Entries taken from a collection:
◇ ◇ ◇ ◇ ◇

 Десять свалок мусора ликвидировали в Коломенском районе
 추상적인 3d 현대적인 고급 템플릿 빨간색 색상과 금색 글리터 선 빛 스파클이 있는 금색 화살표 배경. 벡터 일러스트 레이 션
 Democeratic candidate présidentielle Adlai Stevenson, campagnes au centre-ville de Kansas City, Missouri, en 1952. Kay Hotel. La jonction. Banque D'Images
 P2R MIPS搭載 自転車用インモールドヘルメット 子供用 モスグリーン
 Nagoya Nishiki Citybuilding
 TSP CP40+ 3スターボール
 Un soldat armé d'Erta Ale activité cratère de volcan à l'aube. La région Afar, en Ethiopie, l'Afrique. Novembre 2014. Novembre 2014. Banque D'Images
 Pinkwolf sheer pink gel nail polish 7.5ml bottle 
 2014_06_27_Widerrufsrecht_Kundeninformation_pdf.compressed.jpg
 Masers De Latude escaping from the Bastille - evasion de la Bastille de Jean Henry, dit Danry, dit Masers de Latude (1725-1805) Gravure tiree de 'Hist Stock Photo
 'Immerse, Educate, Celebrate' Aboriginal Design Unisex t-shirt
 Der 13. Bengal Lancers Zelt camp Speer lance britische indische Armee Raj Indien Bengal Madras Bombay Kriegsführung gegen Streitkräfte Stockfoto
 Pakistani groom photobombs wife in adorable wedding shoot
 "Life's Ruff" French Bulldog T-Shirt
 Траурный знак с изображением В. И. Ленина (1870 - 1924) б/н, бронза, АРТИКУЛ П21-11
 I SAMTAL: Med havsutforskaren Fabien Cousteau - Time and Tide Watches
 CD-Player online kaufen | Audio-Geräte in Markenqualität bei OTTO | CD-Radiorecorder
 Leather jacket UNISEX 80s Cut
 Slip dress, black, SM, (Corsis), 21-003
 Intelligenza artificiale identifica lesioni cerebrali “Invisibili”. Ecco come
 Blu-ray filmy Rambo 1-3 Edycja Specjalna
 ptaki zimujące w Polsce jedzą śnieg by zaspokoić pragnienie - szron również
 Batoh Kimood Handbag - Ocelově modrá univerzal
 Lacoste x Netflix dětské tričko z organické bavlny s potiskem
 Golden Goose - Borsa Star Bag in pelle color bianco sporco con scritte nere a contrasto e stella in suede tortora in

◇ ◇ ◇ ◇ ◇

- PROBLEM TO SOLVE: Reproduce every record above exactly.

- TASK RESULT:
 Десять свалок мусора ликвидировали в Коломенском районе
 추상적인 3d 현대적인 고급 템플릿 빨간색 색상과 금색 글리터 선 빛 스파클이 있는 금색 화살표 배경. 벡터 일러스트 레이 션
 Democeratic candidate présidentielle Adlai Stevenson, campagnes au centre-ville de Kansas City, Missouri, en 1952. Kay Hotel. La jonction. Banque D'Images
 P2R MIPS搭載 自転車用インモールドヘルメット 子供用 モスグリーン
 Nagoya Nishiki Citybuilding
 TSP CP40+ 3スターボール
 Un soldat armé d'Erta Ale activité cratère de volcan à l'aube. La région Afar, en Ethiopie, l'Afrique. Novembre 2014. Novembre 2014. Banque D'Images
 Pinkwolf sheer pink gel nail polish 7.5ml bottle 
 2014_06_27_Widerrufsrecht_Kundeninformation_pdf.compressed.jpg
 Masers De Latude escaping from the Bastille - evasion de la Bastille de Jean Henry, dit Danry, dit Masers de Latude (1725-1805) Gravure tiree de 'Hist Stock Photo
 'Immerse, Educate, Celebrate' Aboriginal Design Unisex t-shirt
 Der 13. Bengal Lancers Zelt camp Speer lance britische indische Armee Raj Indien Bengal Madras Bombay Kriegsführung gegen Streitkräfte Stockfoto
 Pakistani groom photobombs wife in adorable wedding shoot
 "Life's Ruff" French Bulldog T-Shirt
 Траурный знак с изображением В. И. Ленина (1870 - 1924) б/н, бронза, АРТИКУЛ П21-11
 I SAMTAL: Med havsutforskaren Fabien Cousteau - Time and Tide Watches
 CD-Player online kaufen | Audio-Geräte in Markenqualität bei OTTO | CD-Radiorecorder
 Leather jacket UNISEX 80s Cut
 Slip dress, black, SM, (Corsis), 21-003
 Intelligenza artificiale identifica lesioni cerebrali “Invisibili”. Ecco come
 Blu-ray filmy Rambo 1-3 Edycja Specjalna
 ptaki zimujące w Polsce jedzą śnieg by zaspokoić pragnienie - szron również
 Batoh Kimood Handbag - Ocelově modrá univerzal
 Lacoste x Netflix dětské tričko z organické bavlny s potiskem
 Golden Goose - Borsa Star Bag in pelle color bianco sporco con scritte nere a contrasto e stella in suede tortora in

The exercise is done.